Я положил сумки на землю, а ружье отнес в дом и на обратном пути захватил газету из стопки, лежавшей в отцовском кабинете. Отец сложил все почерневшие и потрескавшиеся каменные орудия на газету и завернул их.
— Самые лучшие наконечники пропали, — сказал он. Взяв сверток, он ушел в дом, а я остался на дворе возле лежавших в траве охотничьих сумок. Немного погодя я понес их в комнаты. В этом воспоминании было двое людей, я молился за обоих.
Но бывали и такие ночи, когда я не мог вспомнить даже молитву. Я доходил до "яко на небеси и на земли" и потом должен был начинать все сначала, но снова застревал на этом месте. Тогда приходилось признать, что дальше я забыл, и на эту ночь отказаться от молитв и придумать что-нибудь другое. Иногда я принимался вспоминать названия всех животных, какие только есть на свете, потом птиц, потом рыб, потом все страны и города, потом названия всех известных мне кушаний, потом все улицы в Чикаго, а когда больше я уже ничего не мог вспомнить, я просто лежал и слушал. Не припомню такой ночи, когда совсем ничего не было бы слышно. Если можно было спать со светом, я не боялся уснуть, так как знал, что только в темноте моя душа может вырваться из тела. Конечно, мне часто приходилось проводить ночи в таких местах, где я мог не гасить света, и тогда я спал, потому что почти всегда чувствовал усталость, и меня постоянно клонило ко сну. И, наверно, мне не раз случалось засыпать незаметно для себя, но сознательно я никогда не решился бы заснуть в темноте. Вот и в эту ночь я лежал и слушал шелковичных червей. Ночью отчетливо слышно, как шелковичные черви едят, и я лежал с открытыми глазами и прислушивался к ним.

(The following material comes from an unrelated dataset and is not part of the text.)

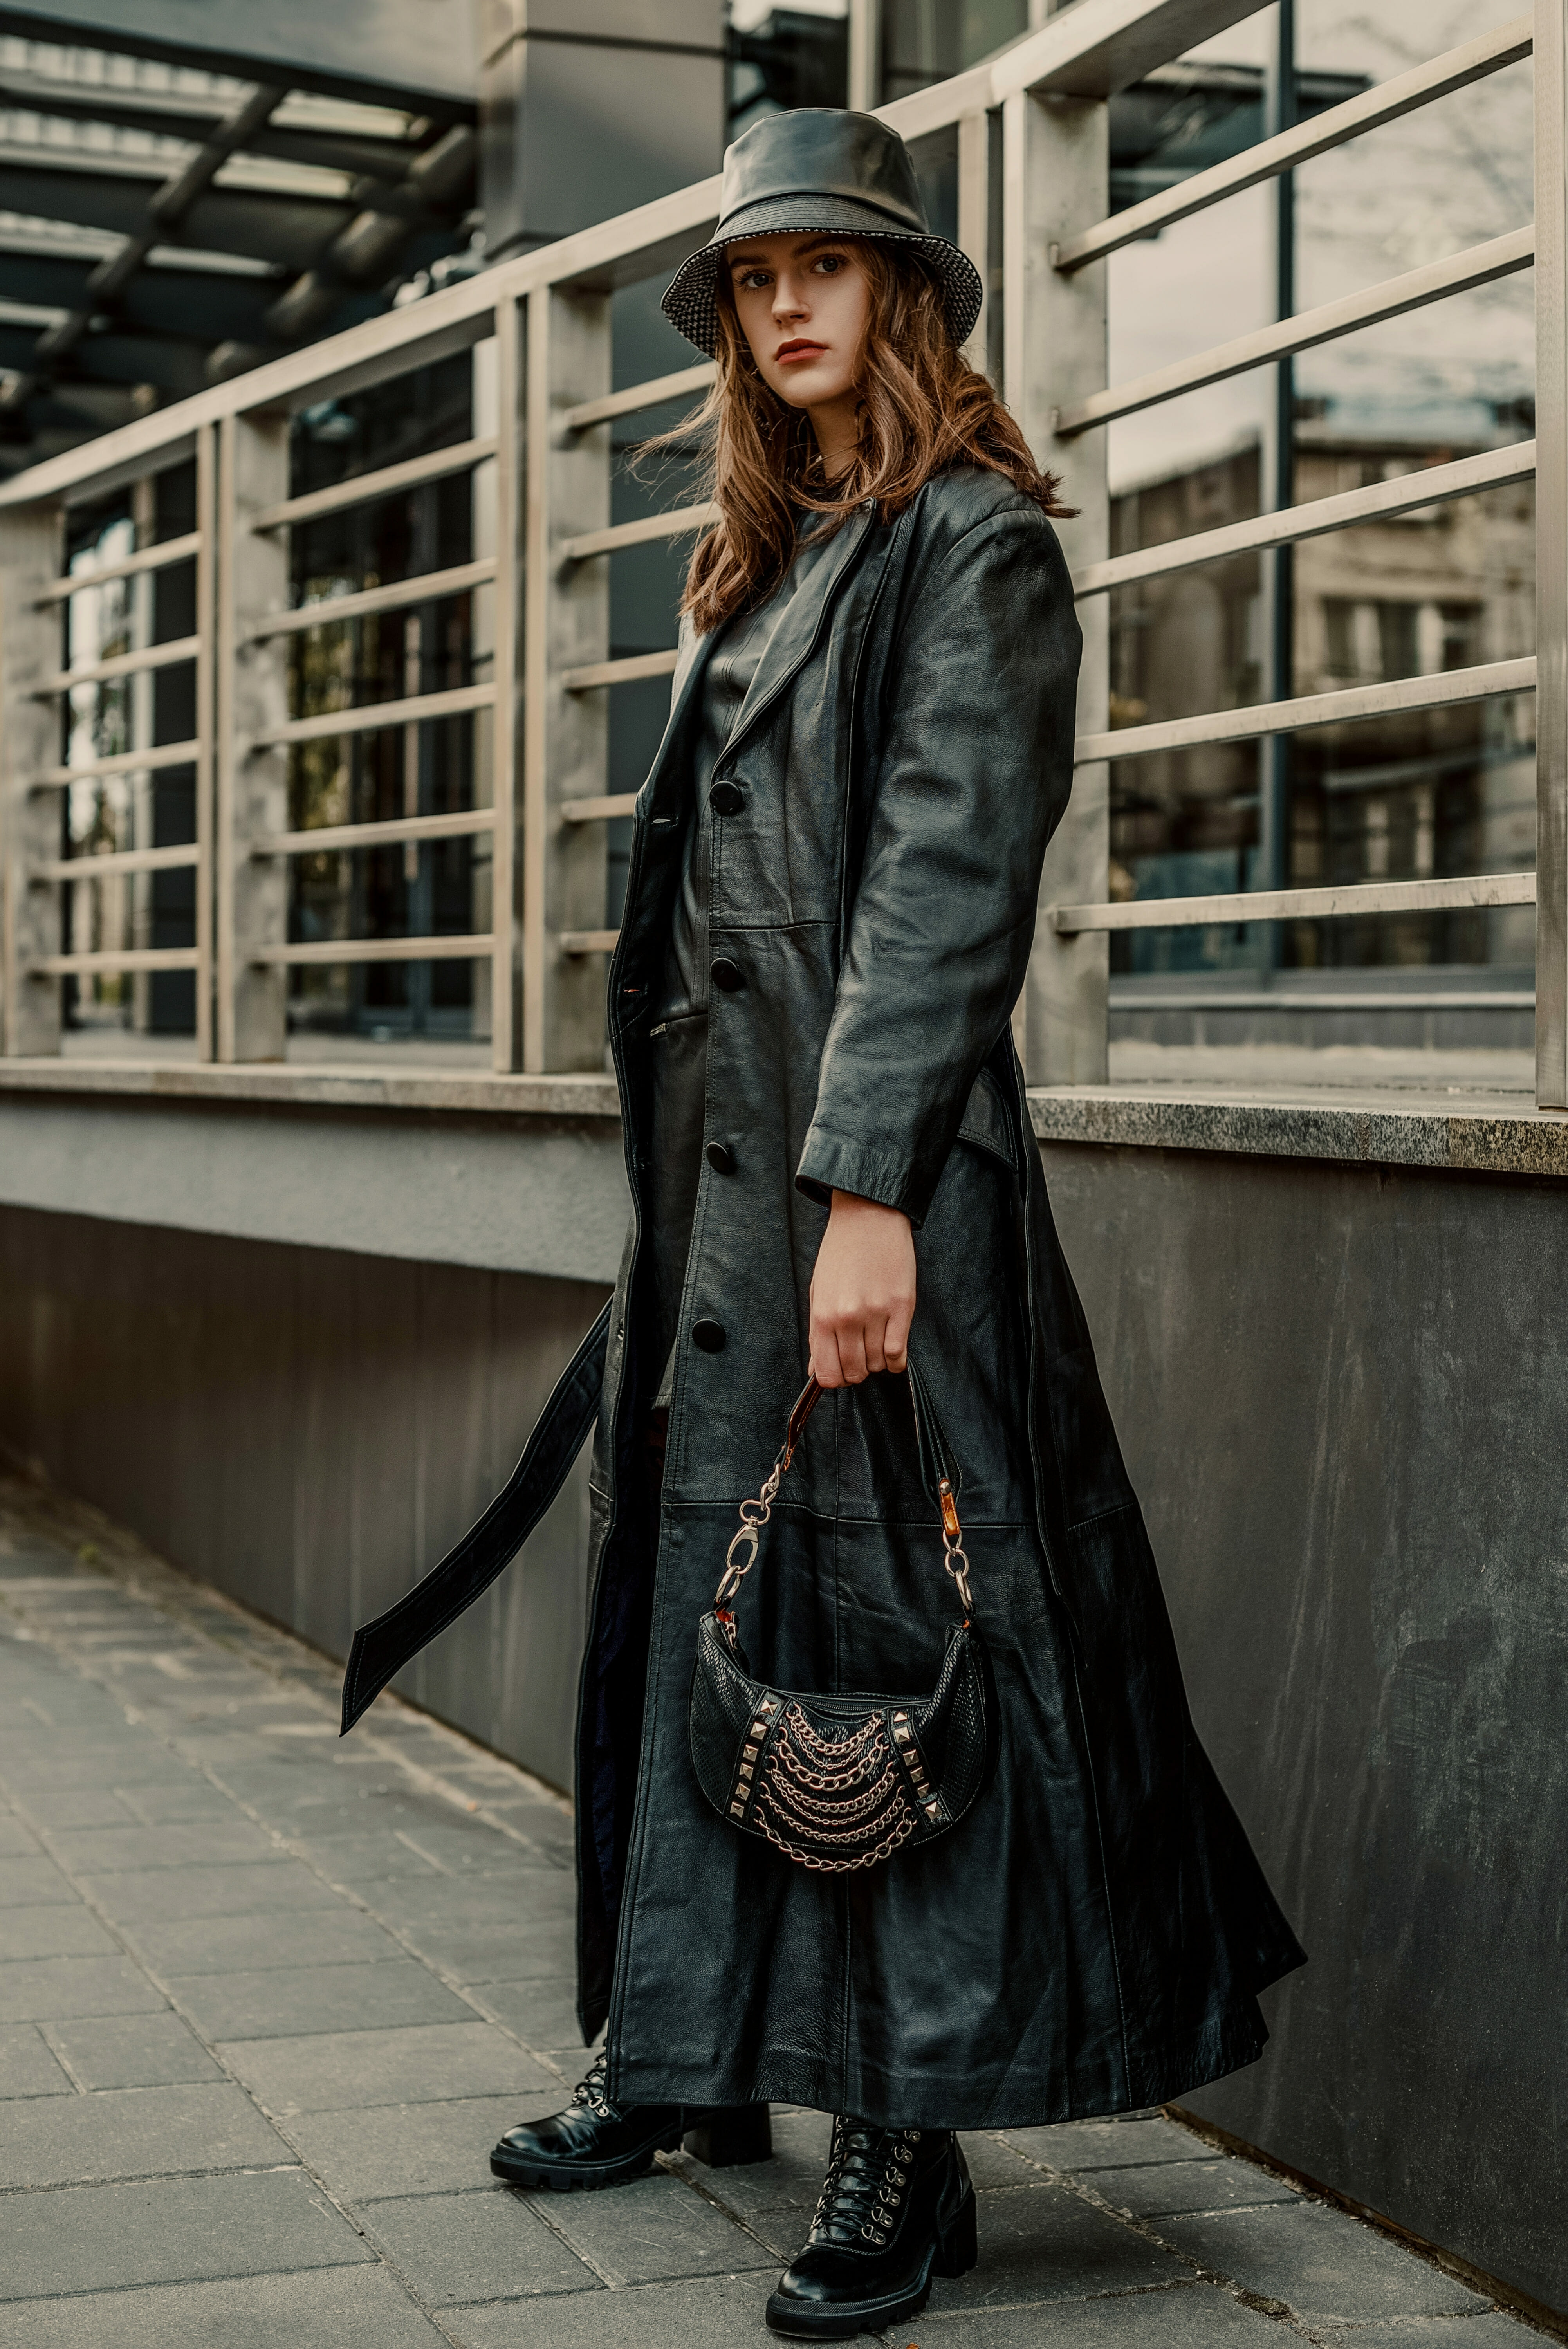 Outdoor full-length fashion portrait of young confident woman wearing long black leather trench coat, bucket hat, lace up ankle boots, holding trendy small handbag, posing in city street

В комнате, кроме меня, был еще один человек, и он тоже не спал. Долгое время я слушал, как он не спит. Он не мог лежать так спокойно, как я, быть может, потому, что у него не было привычки не спать. Мы лежали на одеялах, разостланных поверх соломы, и при каждом движении солома под нами хрустела, но шелковичных червей не пугал этот хруст, и они не переставали есть. За стенами дома ночь была полна обычных шумов прифронтовой полосы, но в темной комнате были совсем другие, свои, маленькие шумы. Человек, деливший со мной комнату, некоторое время старался лежать спокойно. Потом он заворочался снова. Я тоже стал ворочаться, чтобы он понял, что я не сплю. Он десять лет прожил в Чикаго. Его мобилизовали в девятьсот четырнадцатом, когда он приехал навестить родных, и так как он говорил по-английски, его приставили ко мне вестовым. Я услыхал, что он прислушивается, и тогда я еще раз повернулся на своем одеяле.
— Не спится вам, signer tenente?[1] — спросил он.
— Не спится.
— И мне тоже.
— А почему?
— Не знаю. Так, не спится.
— Вы, может быть, нездоровы?
— Да нет. Я здоров. Только вот не спится.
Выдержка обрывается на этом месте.